ASSIGNMENT: Everything from the line that holds "S/S 2009 Collection'S" to the end of the entries below should be printed again, word for word, and nothing more.

DATA FOR ANALYSIS:

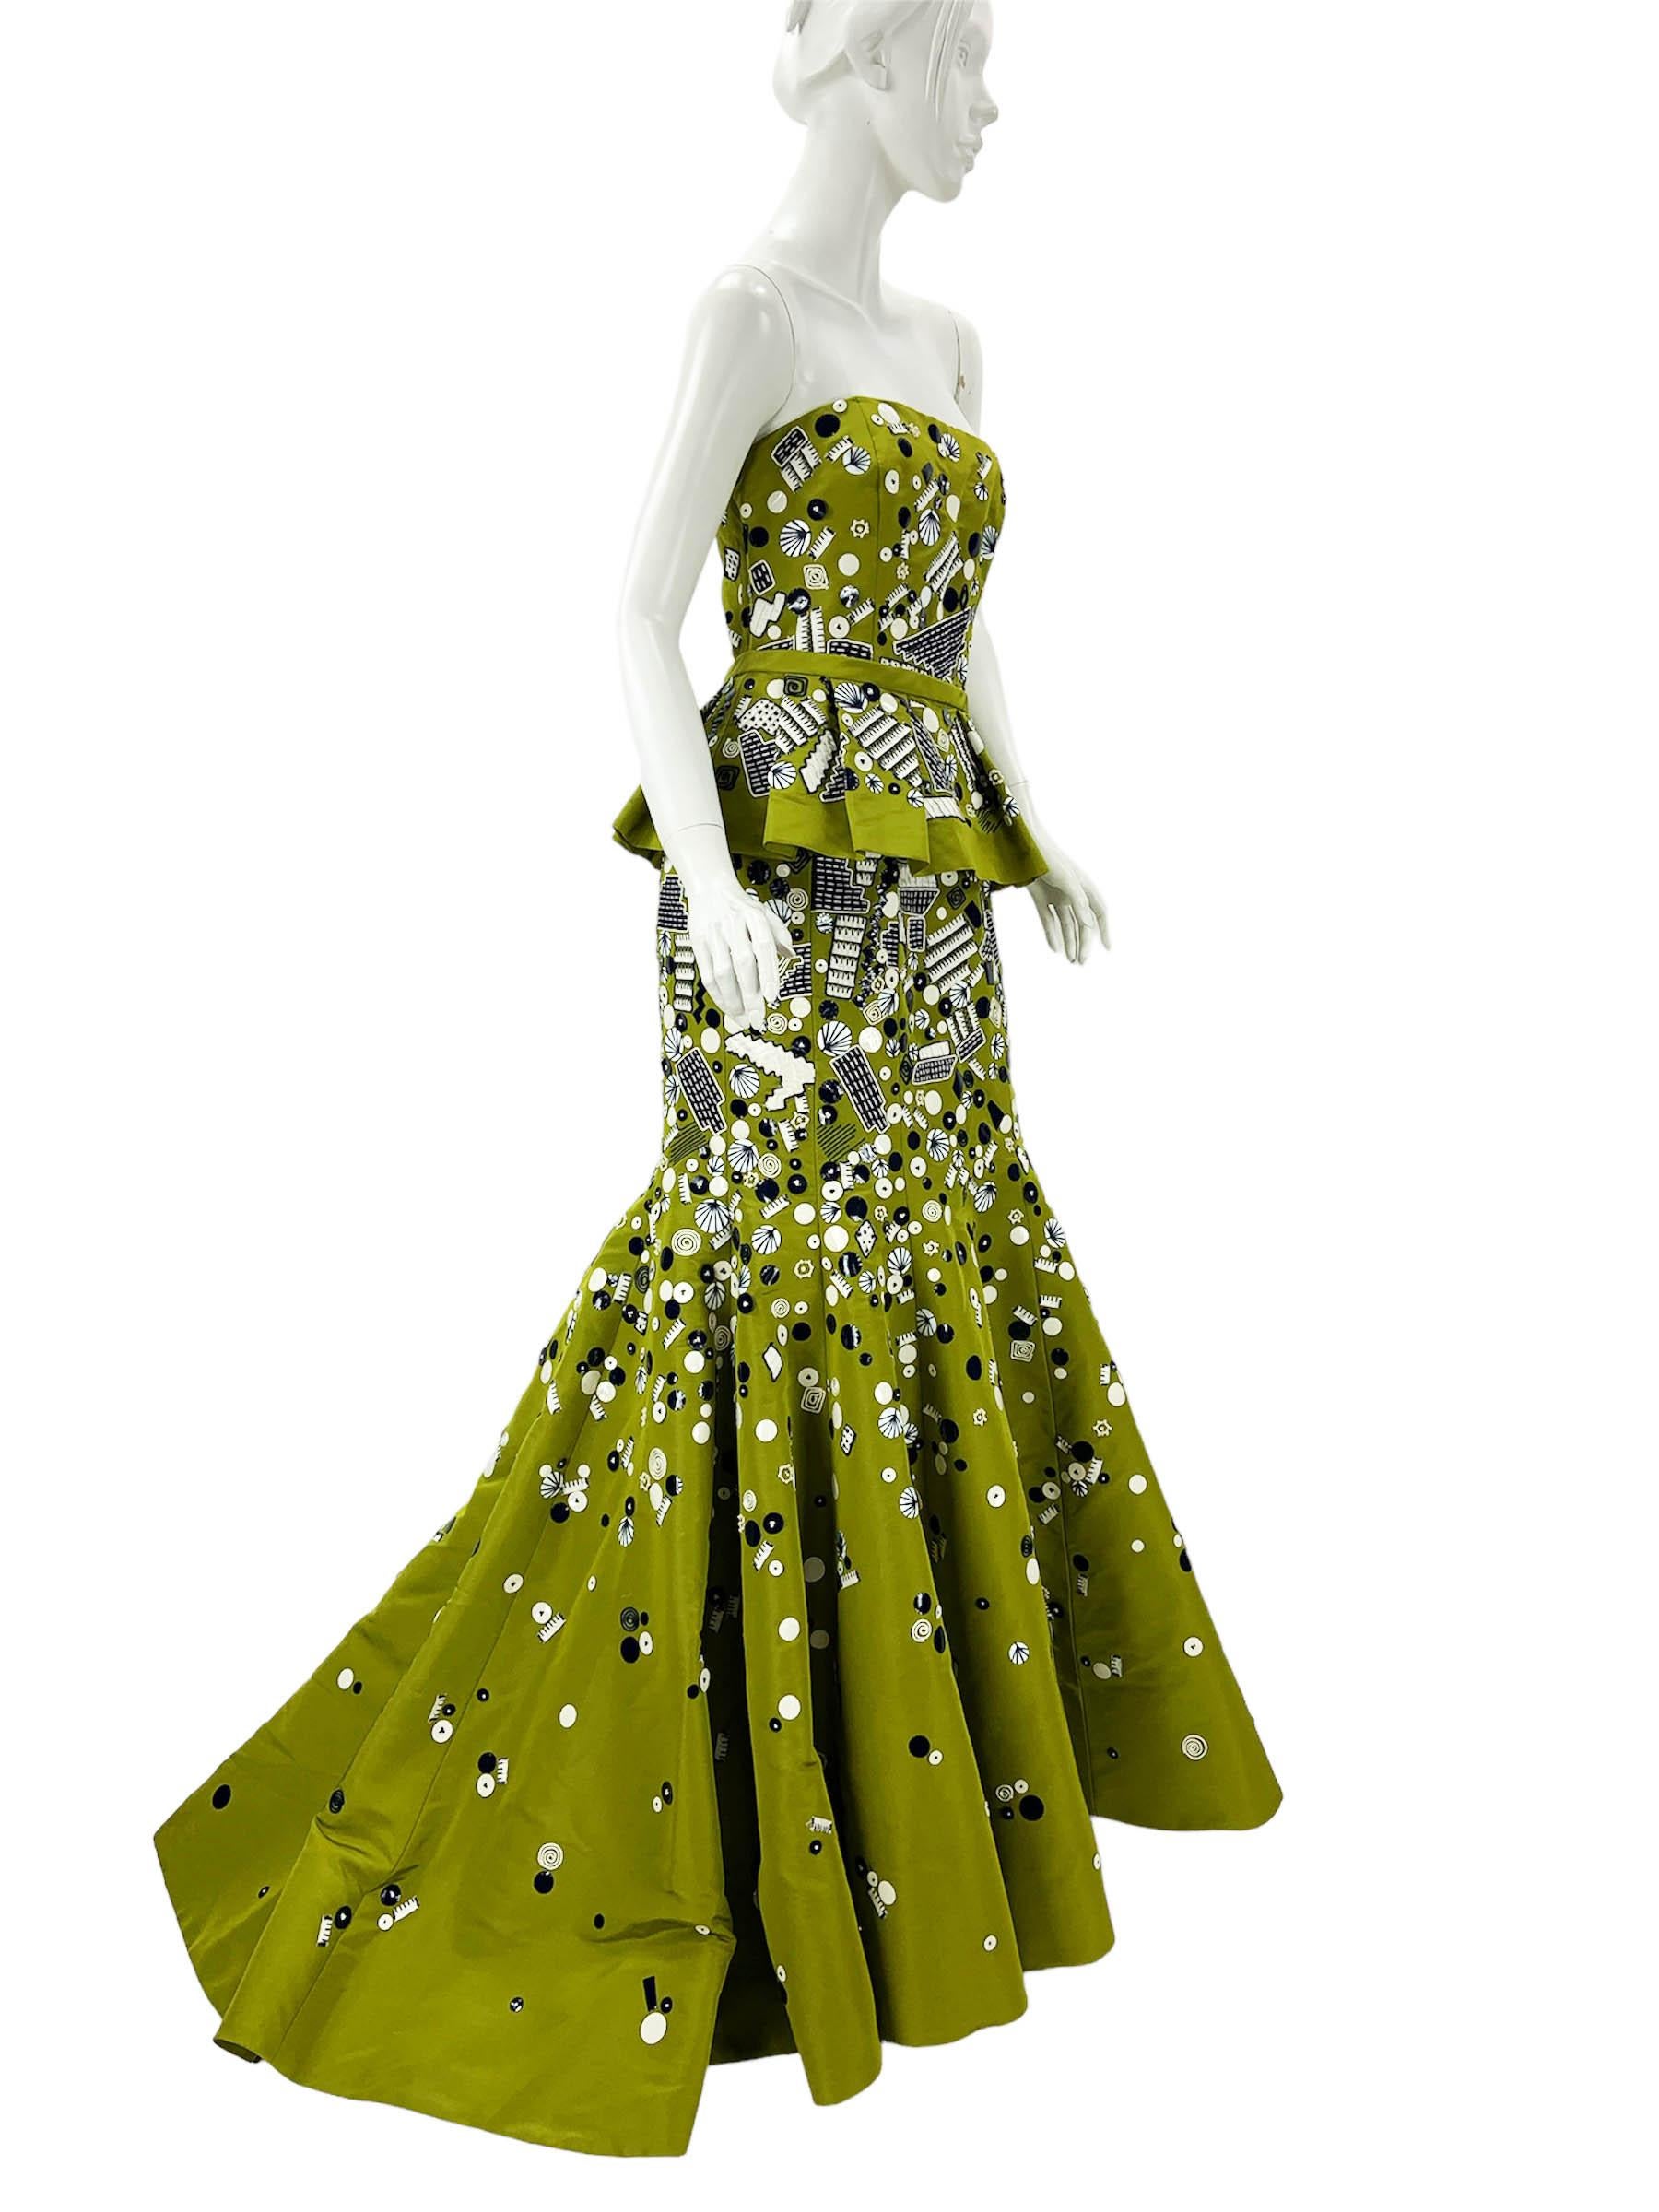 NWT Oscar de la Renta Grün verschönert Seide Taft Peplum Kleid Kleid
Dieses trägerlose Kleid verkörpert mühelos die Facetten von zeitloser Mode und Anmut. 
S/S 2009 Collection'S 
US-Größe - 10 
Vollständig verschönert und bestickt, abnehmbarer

SOLUTION TO THE PROBLEM:
S/S 2009 Collection'S 
US-Größe - 10 
Vollständig verschönert und bestickt, abnehmbarer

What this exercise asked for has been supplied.